As much as I watch and enjoy interviews with celebrities I am a fan of, I also know that there is still a persona that shields that person(s). I get it and do not blame them. They are, after all, aware that what they say and do could cause harm to their careers or their standing with their fans. I do the same thing standing up in front of my students. There is no way that I should step out of that role as teacher, not at that setting. Yet, I also get that my students like and enjoy when I am more myself and human with them as opposed to just educator. This is why I tell a lot of bad jokes and not-very-interesting stories. It does help to create connections. Hmm…so maybe the key is to allow some glimpses beyond a public persona to create or keep those connections.

Interestingly enough, I feel like this has been happening, naturally, in Duranland. I think we are getting some of those more human as opposed to rock star moments.
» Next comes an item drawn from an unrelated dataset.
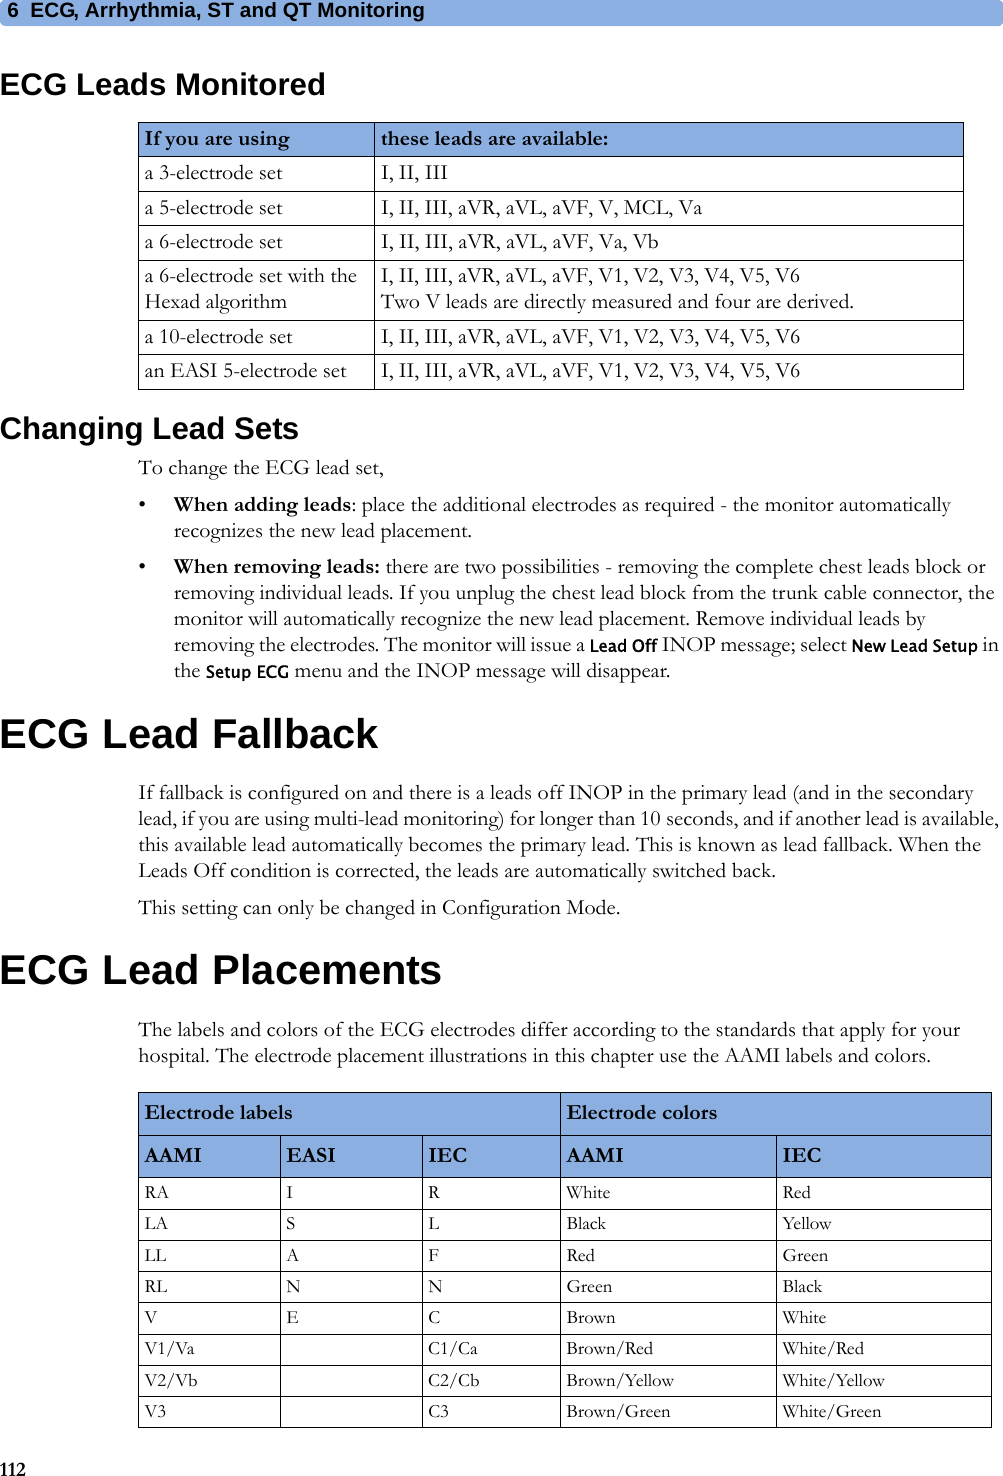 6 ECG, Arrhythmia, ST and QT Monitoring112ECG Leads MonitoredChanging Lead SetsTo change the ECG lead set,•When adding leads: place the additional electrodes as required - the monitor automatically recognizes the new lead placement.•When removing leads: there are two possibilities - removing the complete chest leads block or removing individual leads. If you unplug the chest lead block from the trunk cable connector, the monitor will automatically recognize the new lead placement. Remove individual leads by removing the electrodes. The monitor will issue a Lead Off INOP message; select New Lead Setup in the Setup ECG menu and the INOP message will disappear.ECG Lead FallbackIf fallback is configured on and there is a leads off INOP in the primary lead (and in the secondary lead, if you are using multi-lead monitoring) for longer than 10 seconds, and if another lead is available, this available lead automatically becomes the primary lead. This is known as lead fallback. When the Leads Off condition is corrected, the leads are automatically switched back.This setting can only be changed in Configuration Mode.ECG Lead PlacementsThe labels and colors of the ECG electrodes differ according to the standards that apply for your hospital. The electrode placement illustrations in this chapter use the AAMI labels and colors.If you are using these leads are available:a 3-electrode set I, II, IIIa 5-electrode set I, II, III, aVR, aVL, aVF, V, MCL, Vaa 6-electrode set I, II, III, aVR, aVL, aVF, Va, Vba 6-electrode set with the Hexad algorithmI, II, III, aVR, aVL, aVF, V1, V2, V3, V4, V5, V6Two V leads are directly measured and four are derived.a 10-electrode set I, II, III, aVR, aVL, aVF, V1, V2, V3, V4, V5, V6an EASI 5-electrode set I, II, III, aVR, aVL, aVF, V1, V2, V3, V4, V5, V6Electrode labels Electrode colorsAAMI EASI IEC AAMI IECRA I R White RedLA S L Black YellowLL A F Red GreenRL N N Green BlackVECBrown WhiteV1/Va C1/Ca Brown/Red White/RedV2/Vb C2/Cb Brown/Yellow White/YellowV3 C3 Brown/Green White/Green
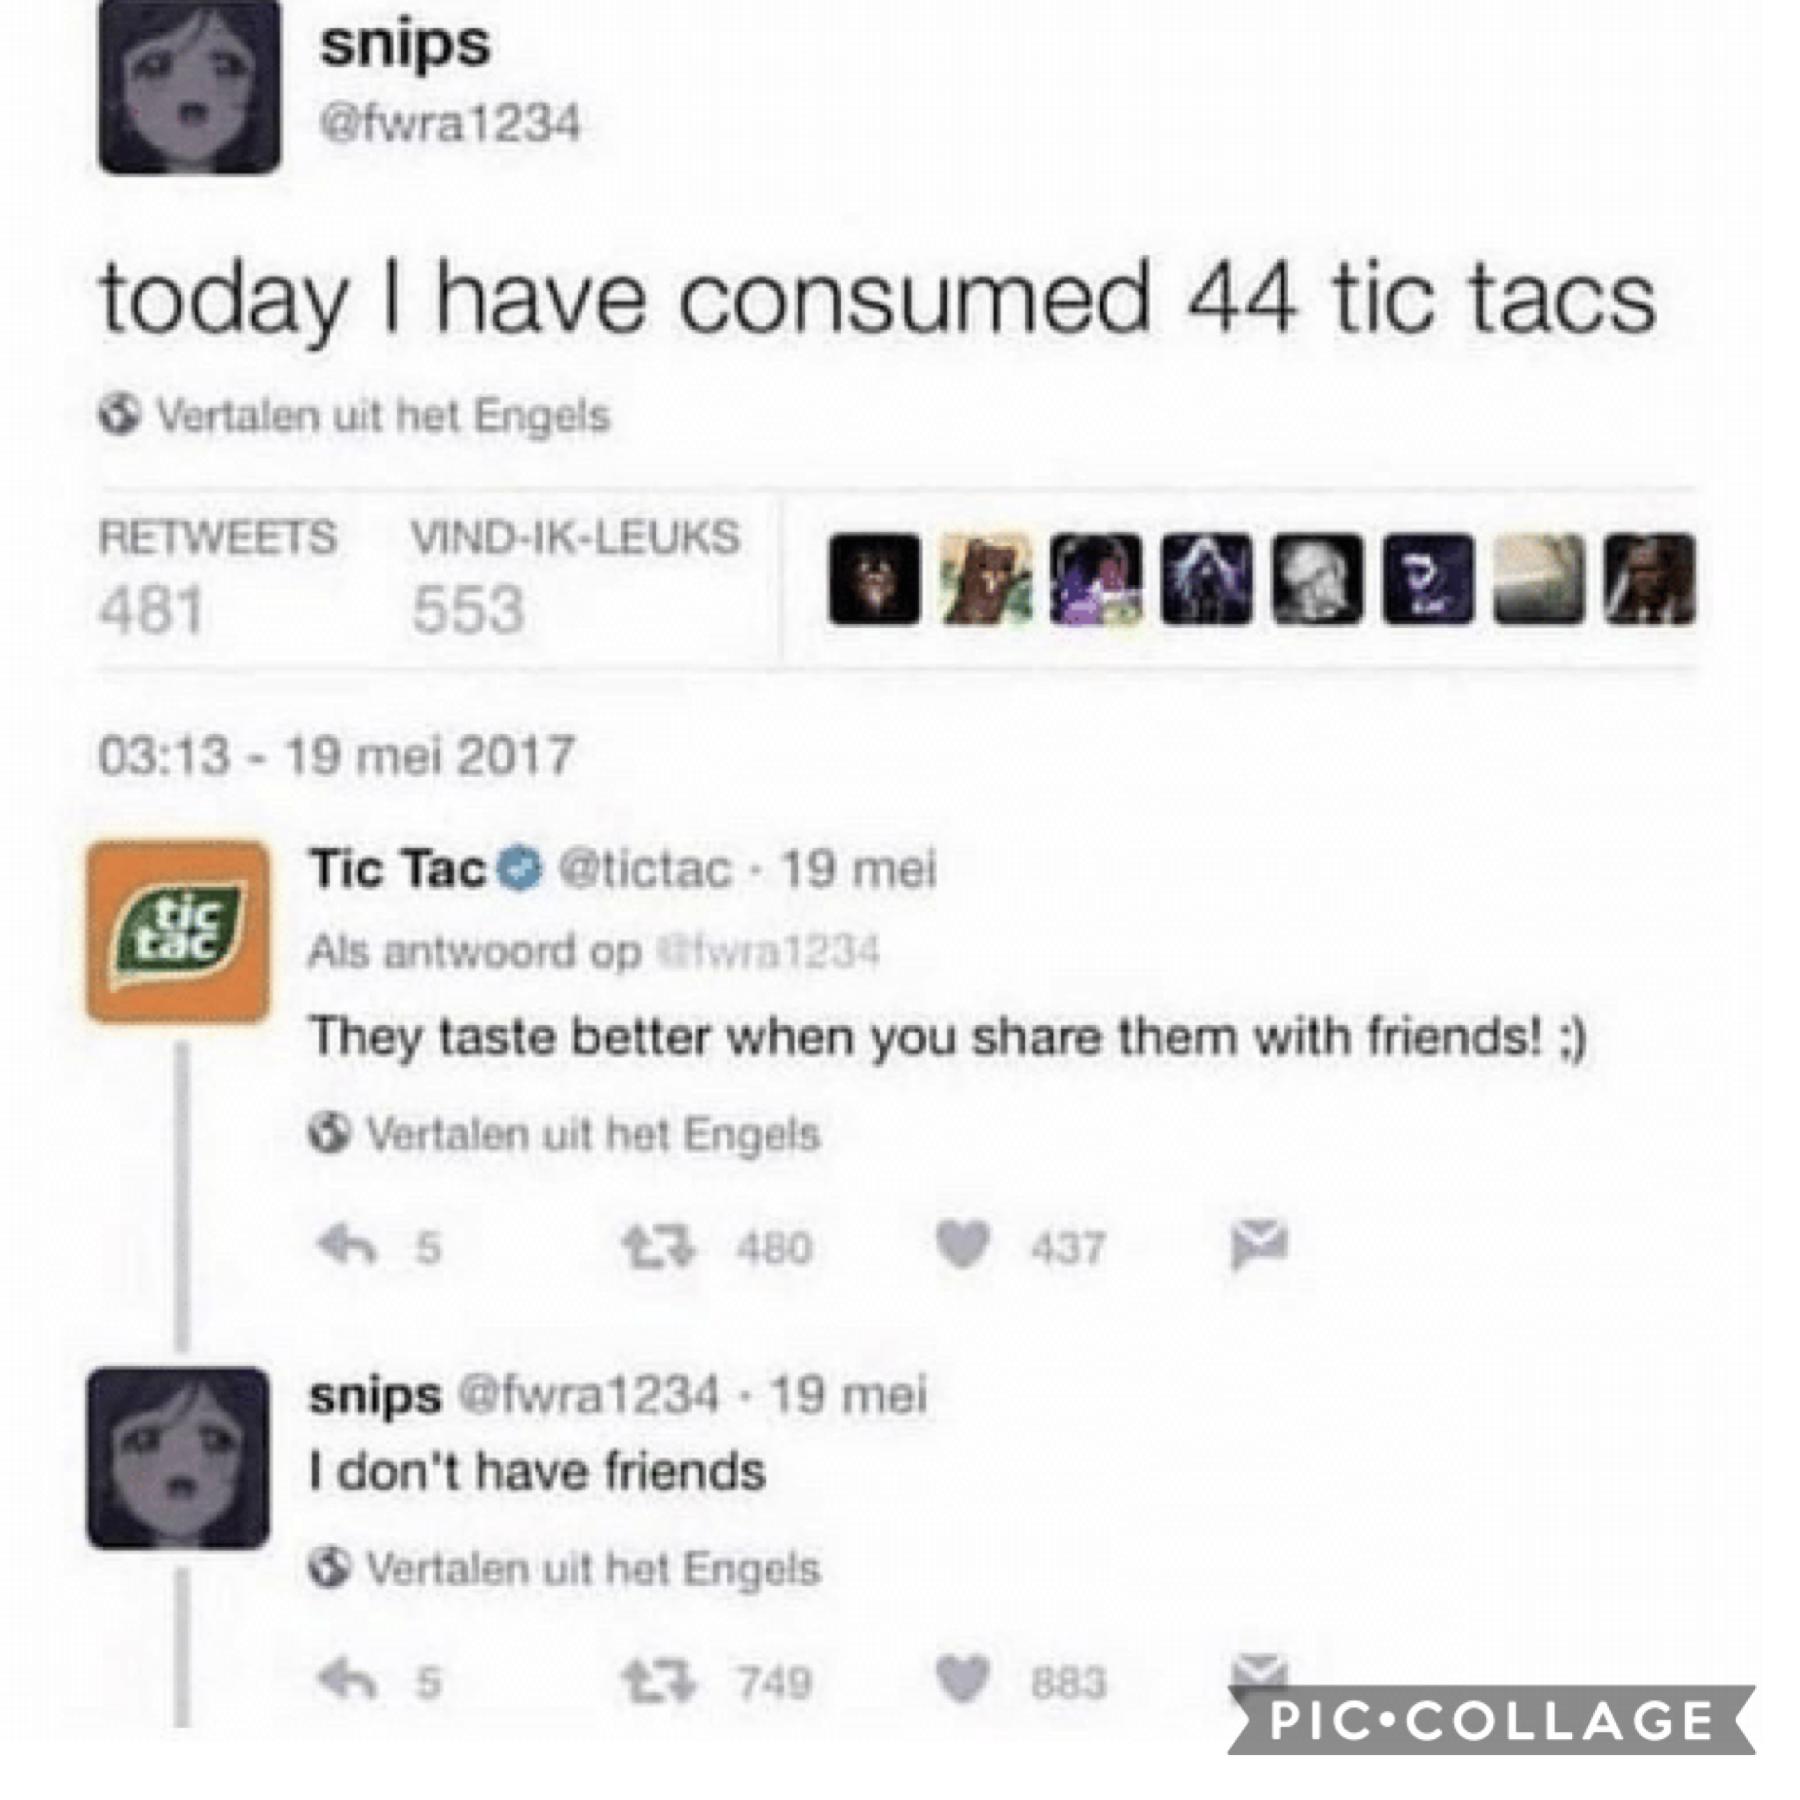 these tic tac memes have transformed me into a higher being

Two examples come to mind. The first one is every time that John cannot get the social media platform he is using to work. His frustration is not only understandable but also relatable. It makes me think of the countless times in my classroom that I cannot get some piece of technology to work. In that moment, John Taylor is like me or I’m like him. We both have struggled in that department. Then, I think of the video that Roger recently did, which featured his kiddo. How many people have had children or pets venture into a video or conference call? Again, other people could relate. At those moments, they are no longer just celebrities on a pedestal but real people with lives, problems, moments of joy, etc. To me, those moments are even better than any interview. I get a glimpse of the real person and feel a connection. That will definitely keep me coming back for more.